Enable private connectivity using AWS PrivateLink
This article explains how to use AWS PrivateLink for private connectivity between users and their Databricks workspaces and between the classic compute plane and the control plane within the Databricks workspace infrastructure.
Private connectivity overview
AWS PrivateLink enables private connectivity from AWS VPCs and on-premises networks to AWS services, avoiding exposure to the public internet. Databricks workspaces support PrivateLink connections for two types of connections:
Front-end (user to workspace): This connection type allows users to access the Databricks web application, REST API, and Databricks Connect API via a VPC interface endpoint.

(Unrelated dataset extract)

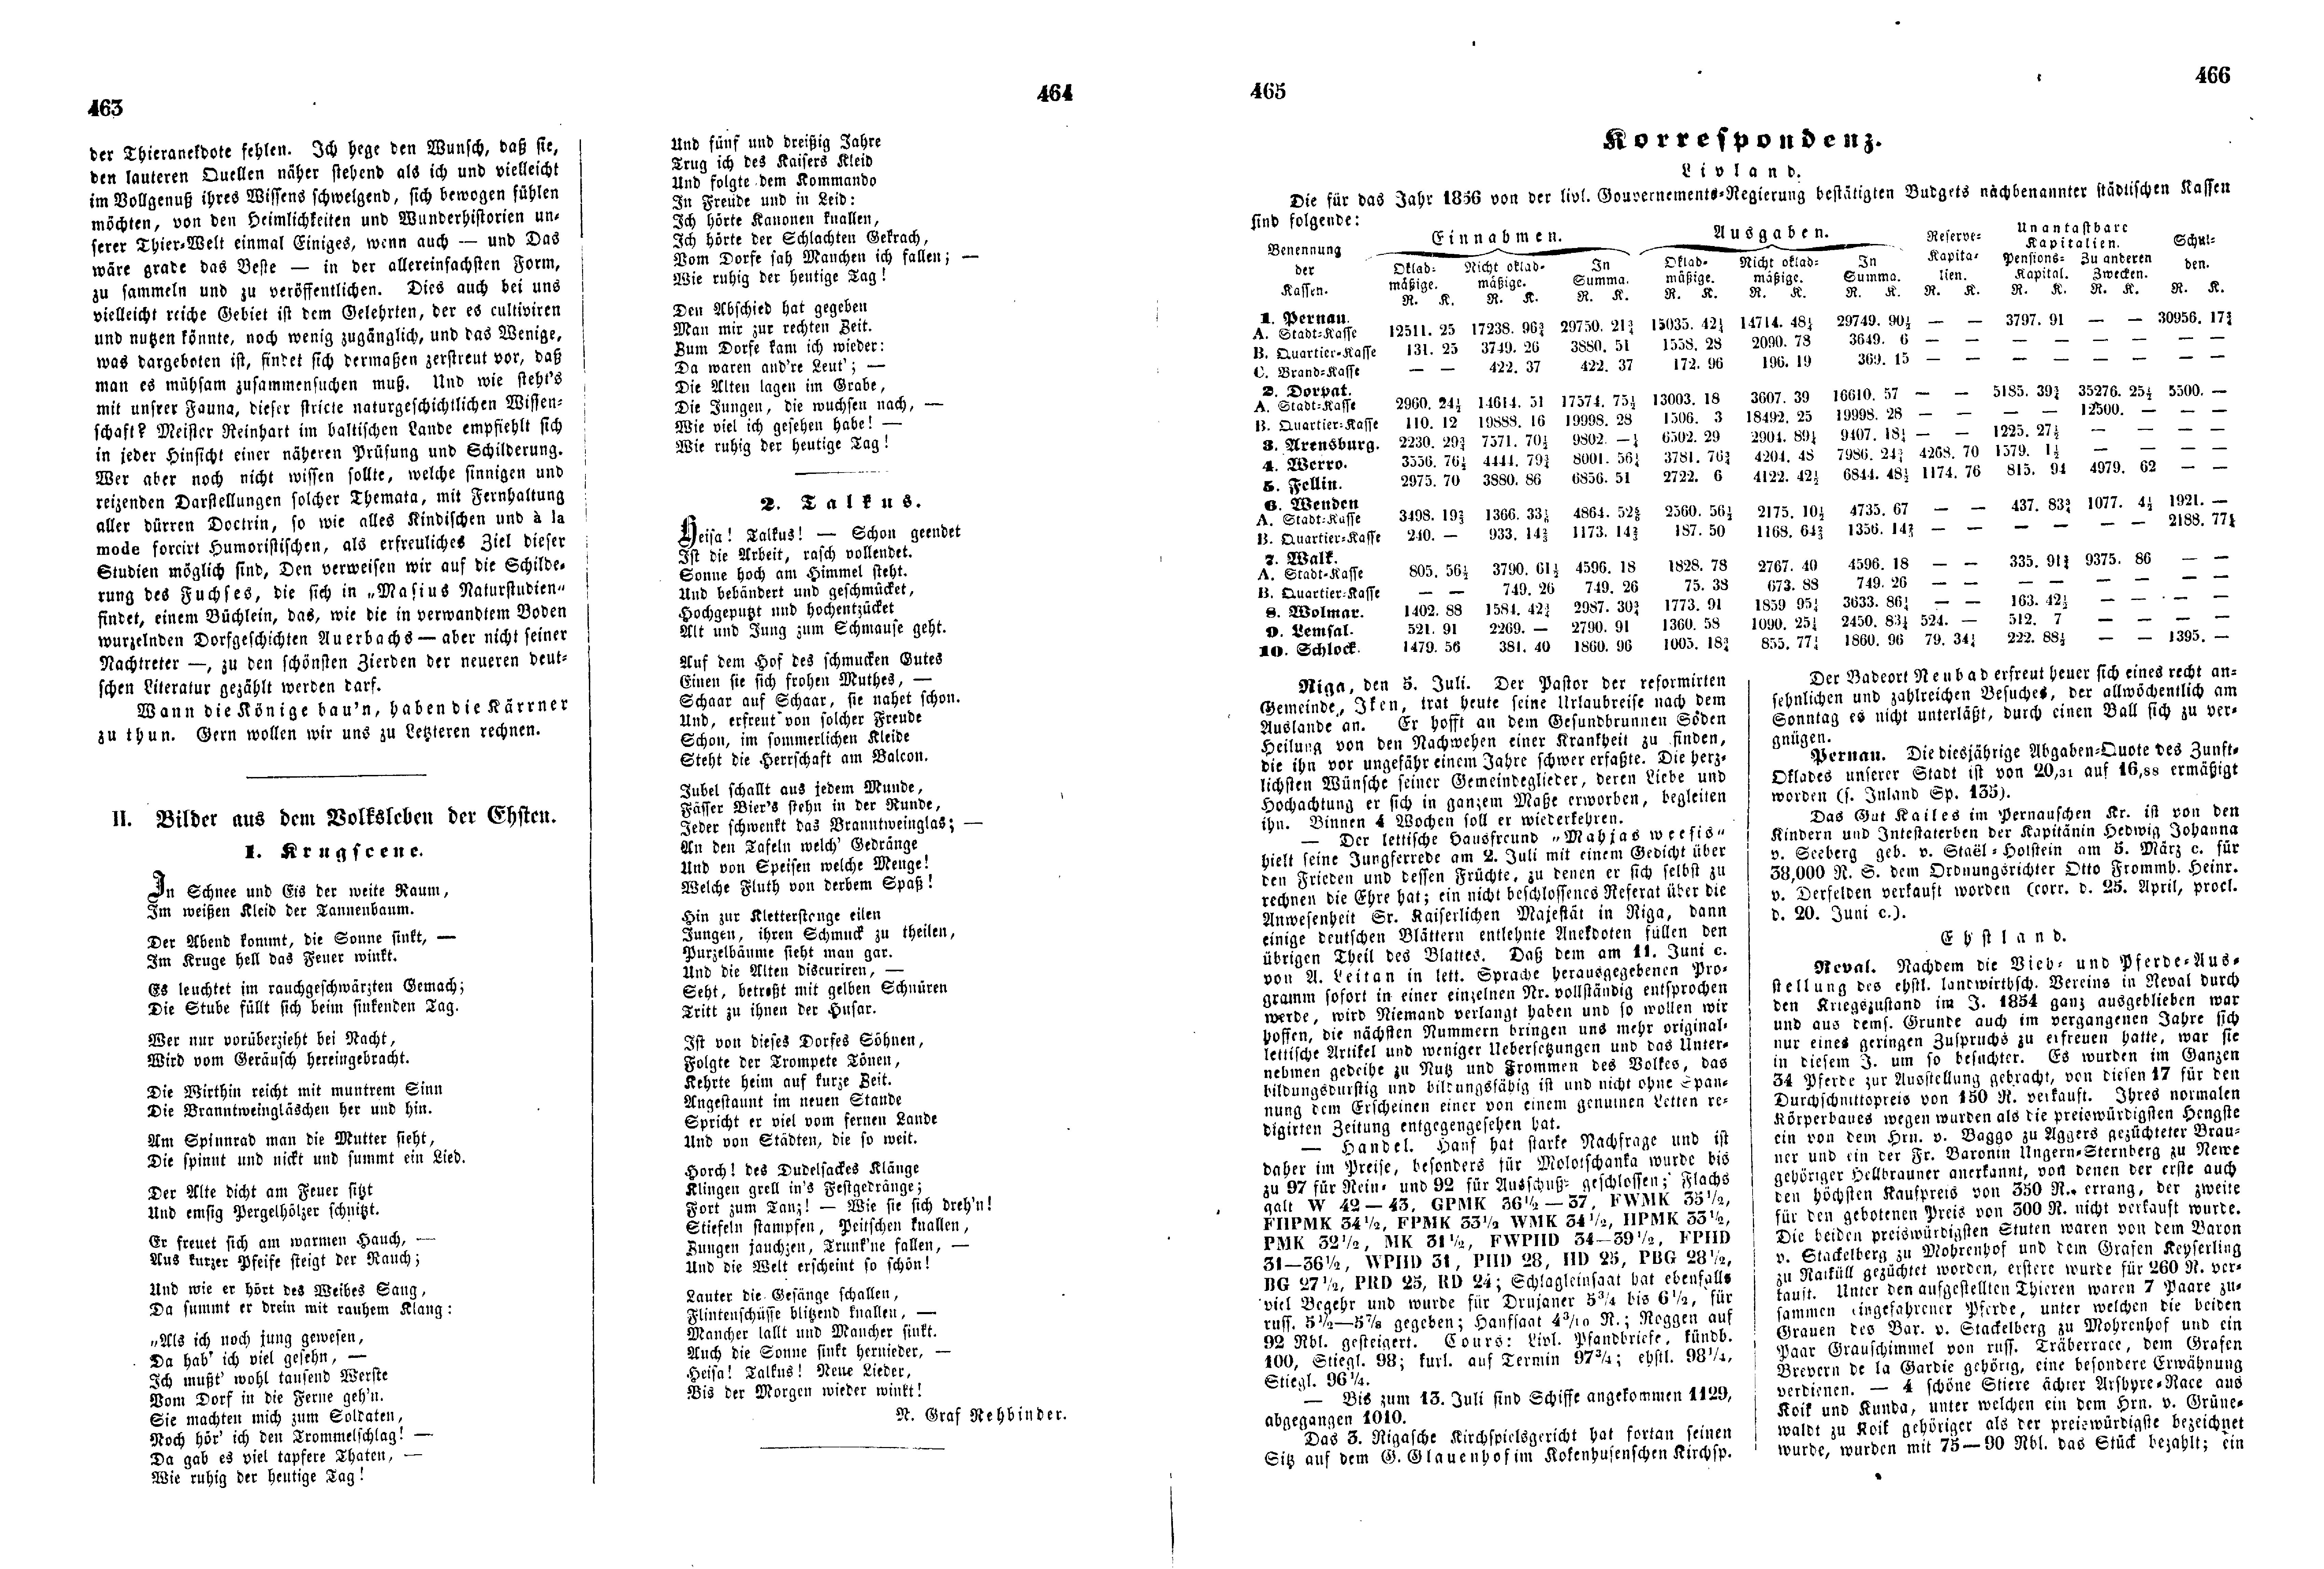 Talkus (1856) | 1. (463-466) Haupttext

Back-end (classic compute plane to control plane): Compute resources in the classic compute plane access core services of the Databricks workspace in the control plane, which is located in the Databricks cloud account. This connection type uses two different VPC interface endpoints to connect to two destinations: REST APIs and the secure cluster connectivity relay.

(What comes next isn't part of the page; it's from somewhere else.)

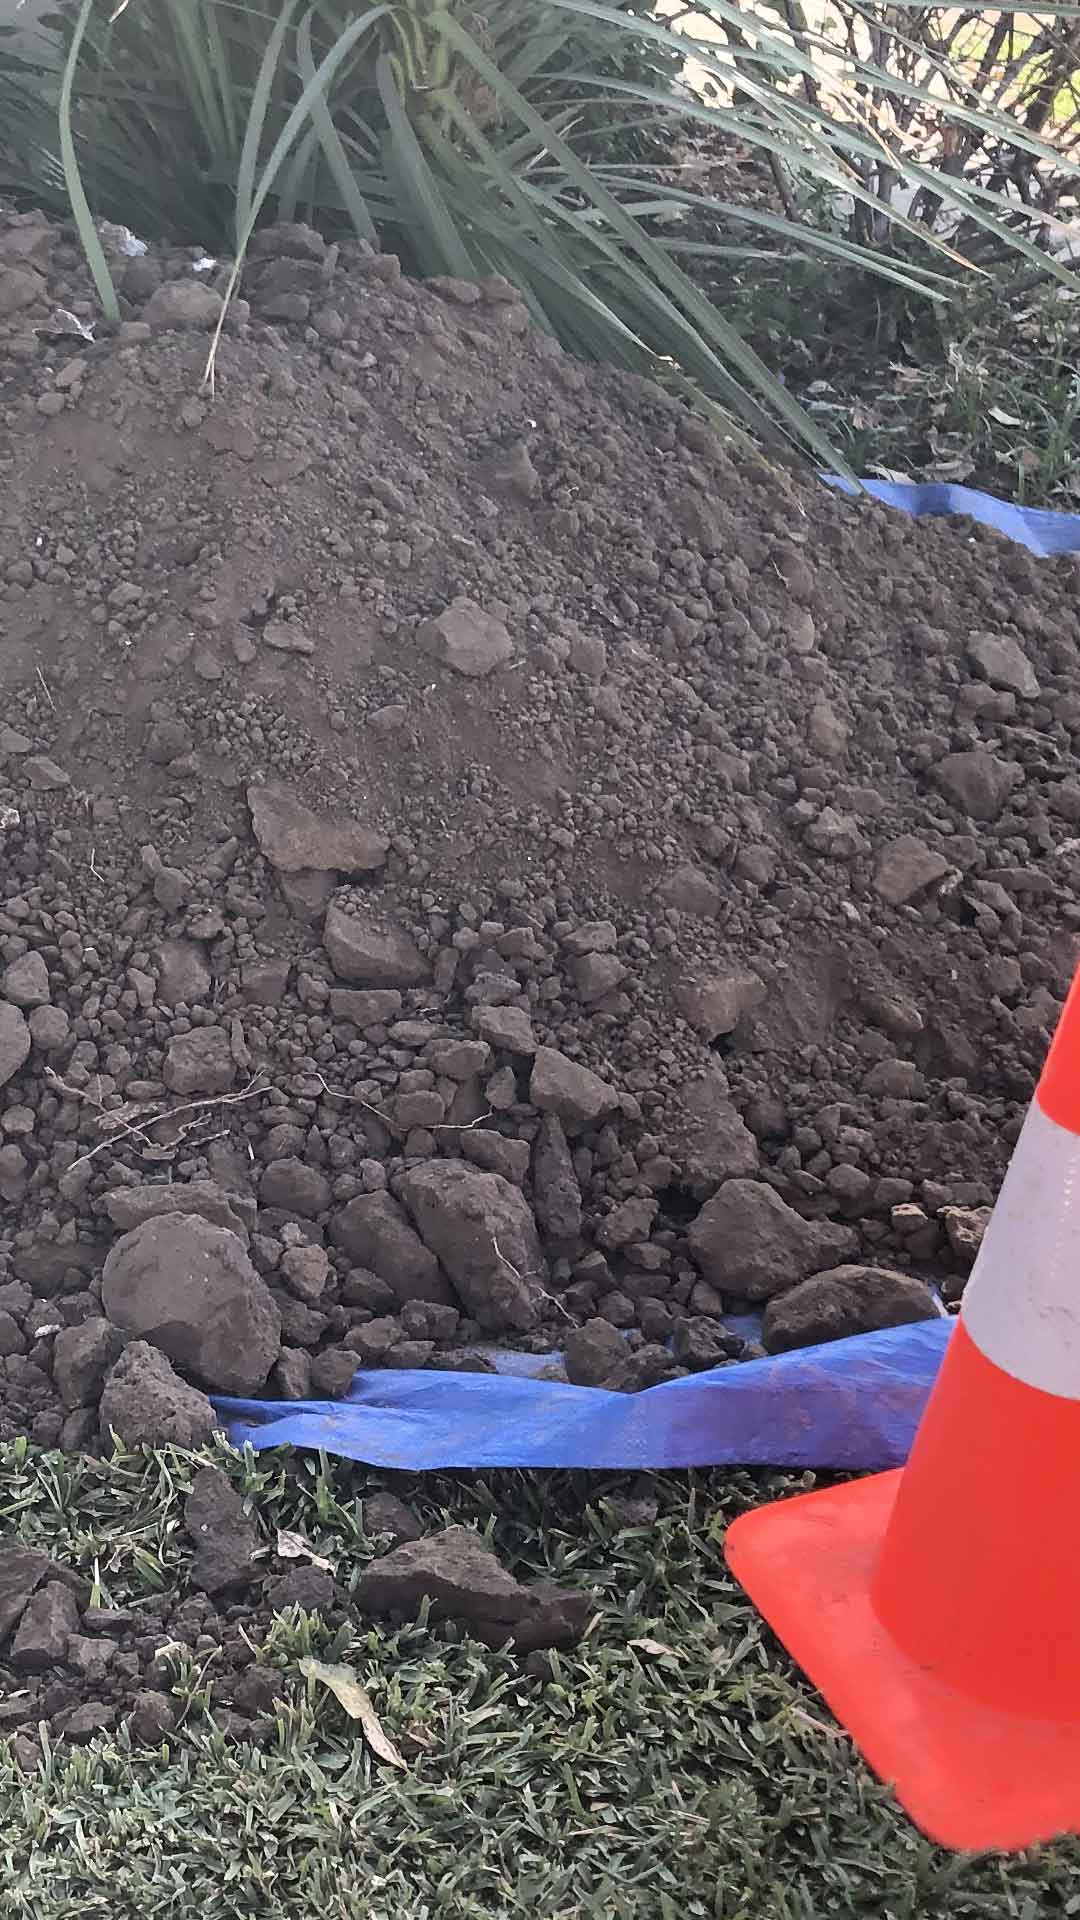 Pile of Dirt

You can implement both front-end and back-end PrivateLink connections or just one of them, and you can optionally enforce private connectivity for the workspace, causing Databricks to reject any public network connections.
To enable PrivateLink connections, create Databricks configuration objects and update existing configuration objects with new fields.
The following diagram shows the network flow in a typical implementation.
Requirements
Your Databricks account is on the Enterprise pricing tier.
Your Databricks workspace must use a customer-managed VPC. See Configure a customer-managed VPC. You cannot convert an existing workspace from a Databricks-managed VPC to a customer-managed VPC.
Your Databricks workspace must use What is secure cluster connectivity?. To add back-end PrivateLink to an older workspace that does not use secure cluster connectivity, contact your Databricks account team.
You must have all necessary AWS permissions to set up a Databricks workspace and to create new VPC endpoints for your workspace.
To establish a front-end PrivateLink connection for accessing the workspace from your on-premises network, connect your on-premises network to an AWS VPC using Direct Connect or VPN.
Note
The us-west-1
region does not support PrivateLink.
Step 1: Configure AWS network objects
You can use the AWS Management Console to create these objects or automate the process with tools such as the Terraform provider for networks.
If you haven’t already, set up a VPC for your workspace. You can reuse a VPC from another workspace. To create a VPC, see Configure a customer-managed VPC. If updating a workspace for PrivateLink, ensure it already uses a customer-managed VPC.
Ensure your VPC has both DNS Hostnames and DNS resolution enabled.
Ensure that the network ACLs for the subnets have bidirectional (outbound and inbound) rules that allow TCP access to 0.0.0.0/0 for these ports:
443: for Databricks infrastructure, cloud data sources, and library repositories
3306: for the metastore
6666: for PrivateLink
2443: only for use with compliance security profile
8443: for internal calls from the Databricks compute plane to the Databricks control plane API
8444: for Unity Catalog logging and lineage data streaming into Databricks.
8445 through 8451: Future extendability.
Configure the necessary settings for either back-end PrivateLink, front-end PrivateLink, or both:
Create and configure an extra VPC subnet (optional):
For your VPC endpoints, including back-end PrivateLink VPC endpoints and also any optional VPC endpoints to other AWS services, you can create them in any of your workspace subnets as long as the network can route to the VPC endpoints.
Attach a separate route table to your VPC endpoints subnet, distinct from the route table for your workspace subnets. This route table should have only a single default route for the local VPC.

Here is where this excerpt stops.